Easy install. Simple user interface. Accurate information.
Probably over priced at $20, however, it is the only product that works with Snow Leopard. Also does not give an absolute rating of signal strength, only a "percentage"??????
Given that the Mac OS doesn't provide a signal strength indicator (other than the bars on the radar icon) if you have intermittent service interruptions, you need a separate app to give you the information the OS doesn't. None of the free options works with Snow Leopard at this point (9/27/09), this was the only option. The only drawback, as noted, is that it gives the user a "percentage" as an indication of signal strength. While that is fine if you are trying to look at the relative signal strength of one network versus another, it doesn't really help you trouble shoot whether your airport/time capsule/wireless router is operating per specs or needs to be replaced.
Updated on Oct 2, 2009
My bad. There is an option in the Preferences window to enable results to be shown as absolute signal strength.
... This review was originally posted on VersionTracker.com. The developer certainly has every right to start charging for his product but doesn't have the right to continue calling it "free" in the product description area of VersionTracker through two update cycles.
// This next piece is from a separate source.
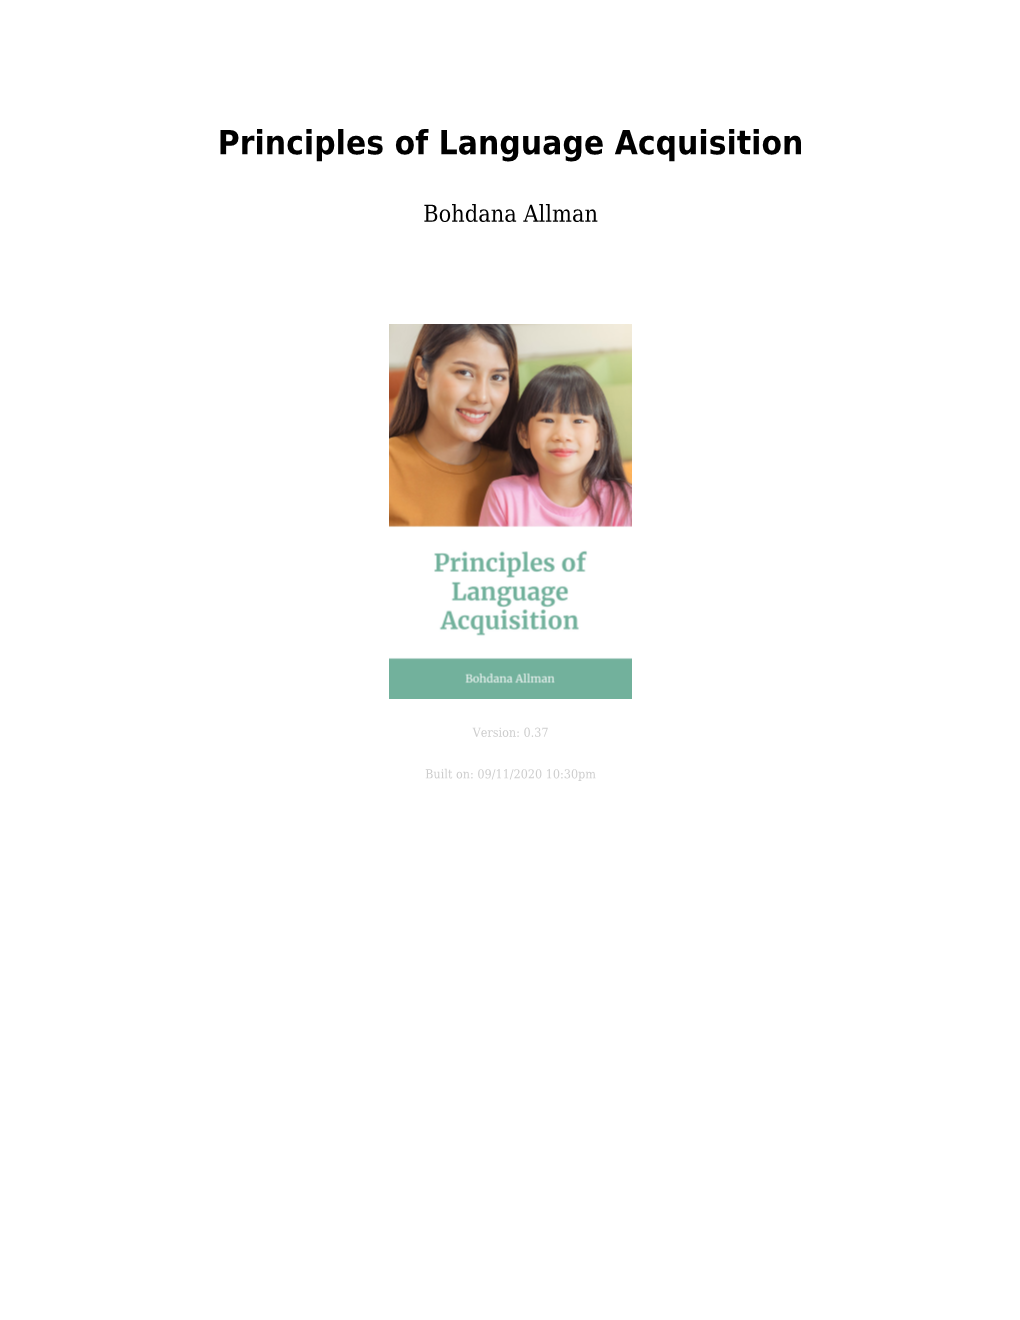 Input and Second Language Acquisition

A response from VT admin said the developers write the descriptions and upload them so there's absolutely no doubt where the blame lies.
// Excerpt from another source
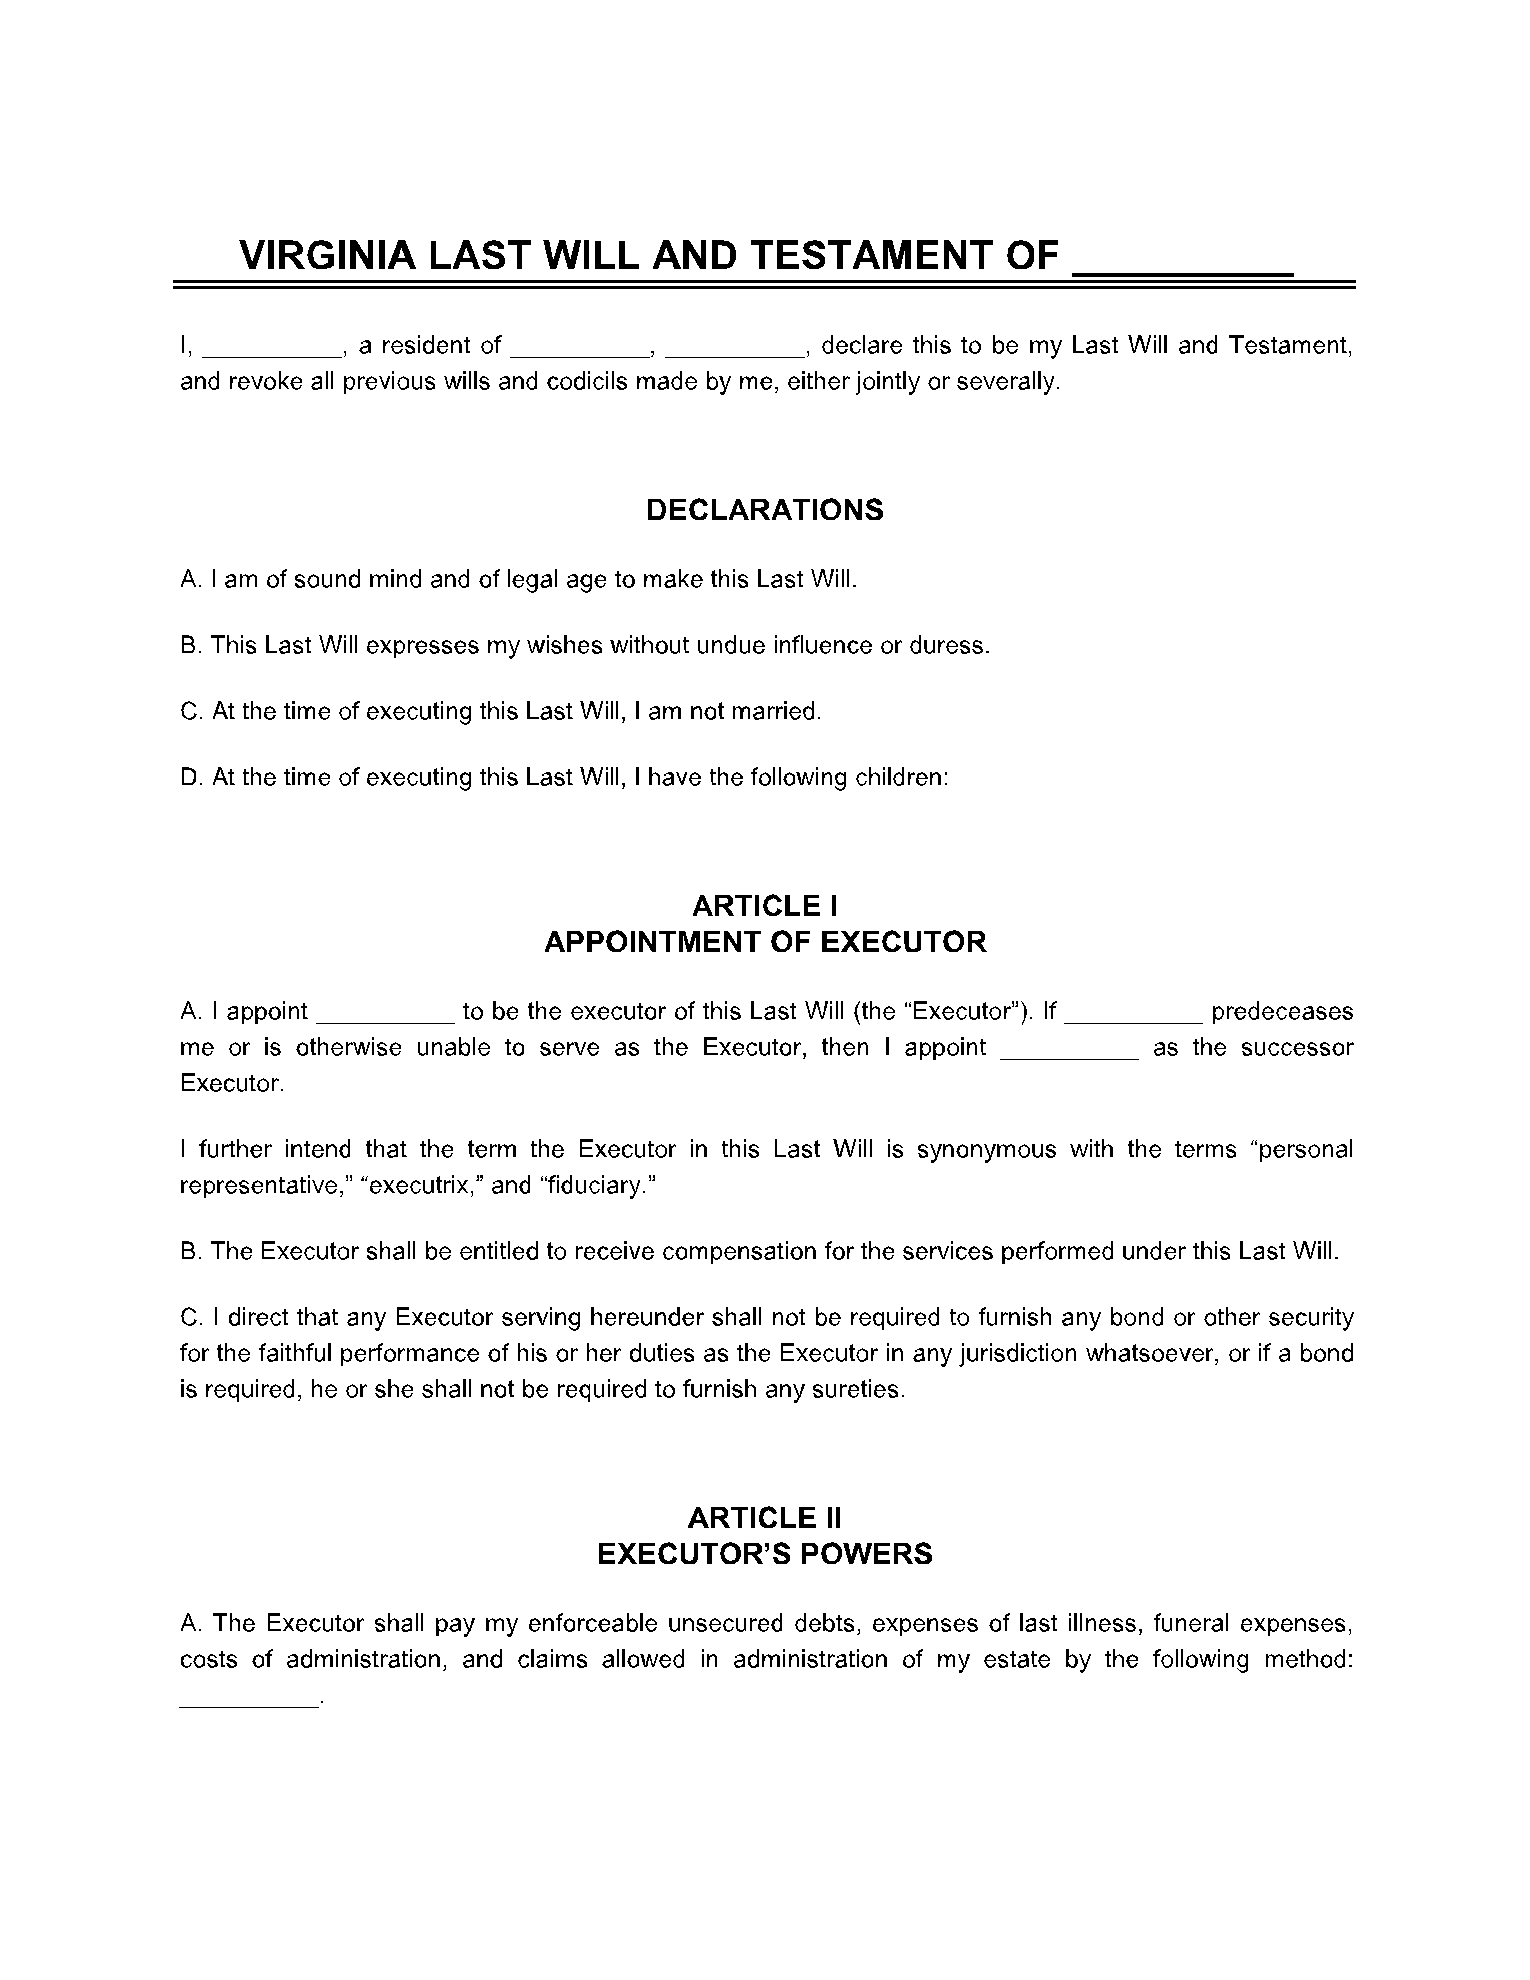 Last Will and Testament Template Virginia

...g This review was originally posted on VersionTracker.com. This developer says his product is free, but it isn't. How can he get away with writing in its description that "The best part ? AirRadar is absolutely free!" but then setup its installer to inform us that it costs $9.95 after the 15-day trial??? Are our standards of decency so low that we'll put up with this duplicity?
There are at least 2 or 3 much better and truly free wireless scanner/stumbler apps currently available, like AP Grapher (available at VersionTracker.com and MacUpdate.com) and KisMAC (only listed at MacUpdate.com). Seriously, check out their descriptions and you'll quickly determine that they're vastly superior to Airradar, and you can easily download and try them out because they don't require you to pay money just to evaluate their capabilities and long term stability.
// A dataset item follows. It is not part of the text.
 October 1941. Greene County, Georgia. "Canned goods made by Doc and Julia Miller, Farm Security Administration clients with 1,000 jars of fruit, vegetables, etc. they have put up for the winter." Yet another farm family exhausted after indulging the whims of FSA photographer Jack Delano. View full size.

Should we teach this developer and others like him a lesson by boycotting not only AirRadar but also Koingo Software's other apps, like Data Guardian, MacPilot, Image Smith, Display Maestro, Amnesia, MacCleanse, Librarian Pro, Digital Sentry, and Alarm Clock Pro? IMHO, lately some software developers (and many other types of business) have been behaving greedier and greedier ? perhaps as a result of the recession, but that does not excuse the trend. I feel now is a good time to remind businesses of all kinds that consumers respond best to high quality products, reasonable pricing, generous customer support, and responsible environmental stewardship. Maybe a broad and concerted effort like that, when money is tight, could turn around or at least limit the tendency of businesses to cut corners, move offshore, unjustifiably raise prices, and otherwise behave like pigs.
This review was originally posted on VersionTracker.com. AirRadar is a simple and unsophisticated app which tells you just a little bit more than what you'll get from the built-in apple software. It has nowhere near the power of apps such as Kismac and APGrapher (which I recommend), both of which are both free.
The developer has added a fee to this product but not provided a single new feature. Even worse, installing overwrites the previous version, then asks you to pay for it after the fact, so I can't review this release at all because there is no trial period. And I can't revert to the previous release because it's been overwritten.
Ultimately, I don't care. There are way better programs out there that don't cost a dime. But my one-star review (and many others I'm sure) will send this program to the bottom of the Versiontracker junk pile.